Hello, For triangulation, you have to use unrectified coordinates. If you want to use rectified coordinates you have to undo the rectification using the Q matrix like in OpenCV. See stereoRectify() in https://docs.opencv.org/3.4/d9/d0c/group__calib3d.html#ga617b1685d4059c6040827800e72ad2b6

Thanks for the clarification @jdibenes, I think I had misinterpreted the P1 output, as it reads that it is the projection matrix in the new rectified frames. I couldn't get it too work with unrectification and decided to directly try triangulation before rectifying, as I can find my keypoints without the need of rectification.

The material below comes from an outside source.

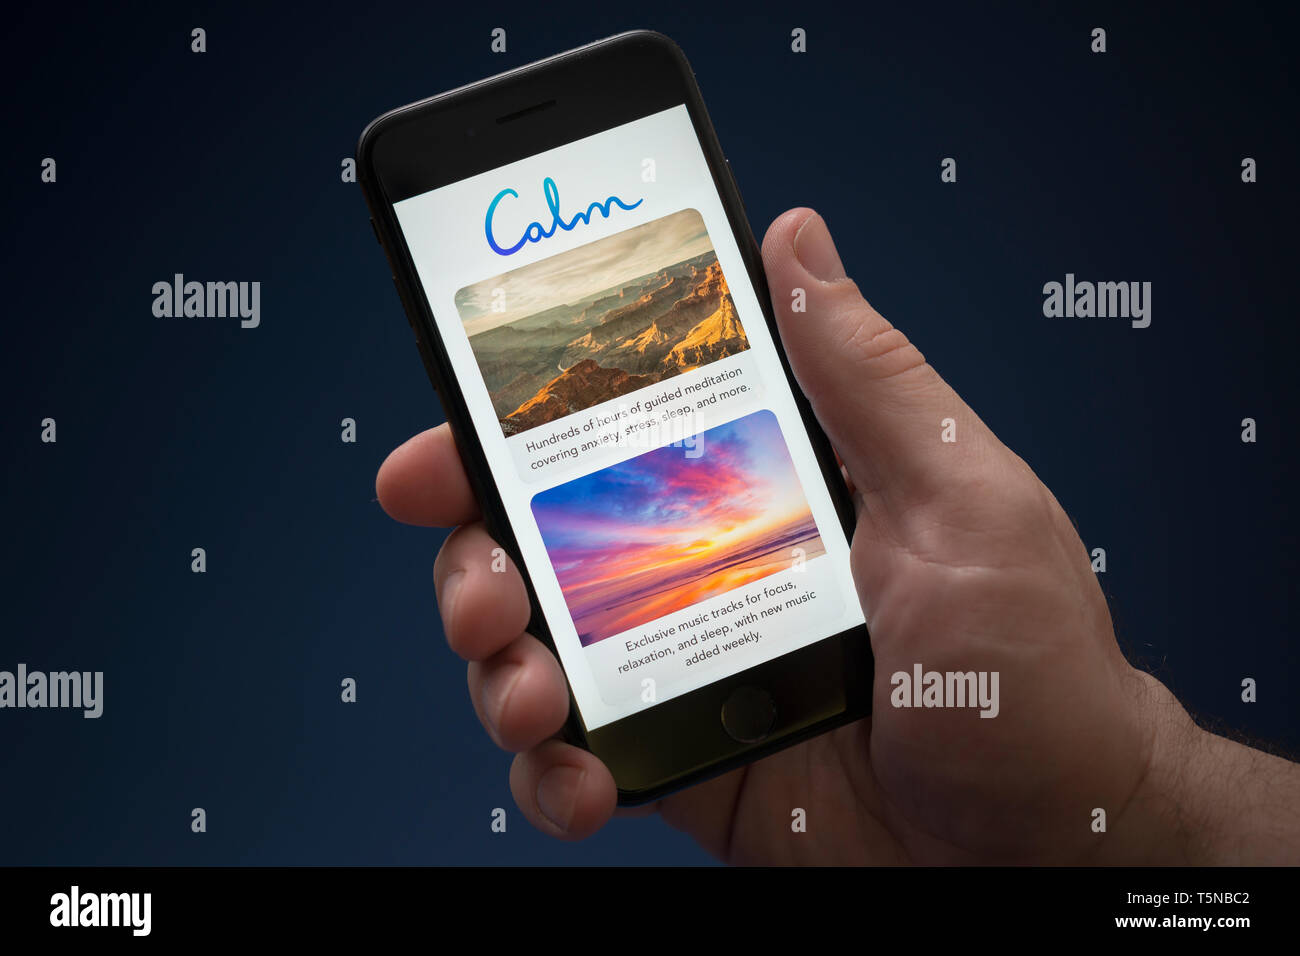 A man looks at his iPhone which displays the Calm logo (Editorial use only). Stock Photo

However, this also doesn't seem to work. I think I am misunderstanding the intrinsics/extrinsic values and mixing up row and column major operations. I thought this process would've been fairly easy, and tried many sanity checks and flipped everything around; but all the numbers still don't make sense.

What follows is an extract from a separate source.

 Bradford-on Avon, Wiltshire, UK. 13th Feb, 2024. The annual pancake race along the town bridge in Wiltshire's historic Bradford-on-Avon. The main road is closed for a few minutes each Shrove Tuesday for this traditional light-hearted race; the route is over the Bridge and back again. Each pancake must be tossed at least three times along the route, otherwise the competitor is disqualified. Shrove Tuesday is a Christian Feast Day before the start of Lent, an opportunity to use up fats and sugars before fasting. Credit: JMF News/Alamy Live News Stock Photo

I think in theory I should be getting 'correct' positions by doing this:

# Image to rignode matrix
Pl = hl2ss_3dcv.camera_to_rignode(calibration_l.extrinsics) @ hl2ss_3dcv.image_to_camera(calibration_l.intrinsics)
Pr = hl2ss_3dcv.camera_to_rignode(calibration_r.extrinsics) @ hl2ss_3dcv.image_to_camera(calibration_r.intrinsics)

# Transpose to get the translation in the last column
Pl = Pl.T
Pr = Pr.T

#make it a 3x4 matrix that can be used in triangulatePoints
Pl= Pl[:3,:4]
Pr= Pr[:3,:4]

After which I perform triangulate points on the undistorted images (of which I kept the original rotation):

points_4d_homogeneous  = cv2.triangulatePoints(Pl, Pr, pts_left_T, pts_right_T)
points_3d = cv2.convertPointsFromHomogeneous(points_4d_homogeneous.T)
T = (0,0,0)
distance = np.sqrt(np.sum((points_3d - T)**2))

My keypoints are in cv2 format, in which (0,0) is the top left, and they are not normalized (so every pixel is an integer). The distorted images have been tried too.

Any pointers in the right direction would be hugely appreciated!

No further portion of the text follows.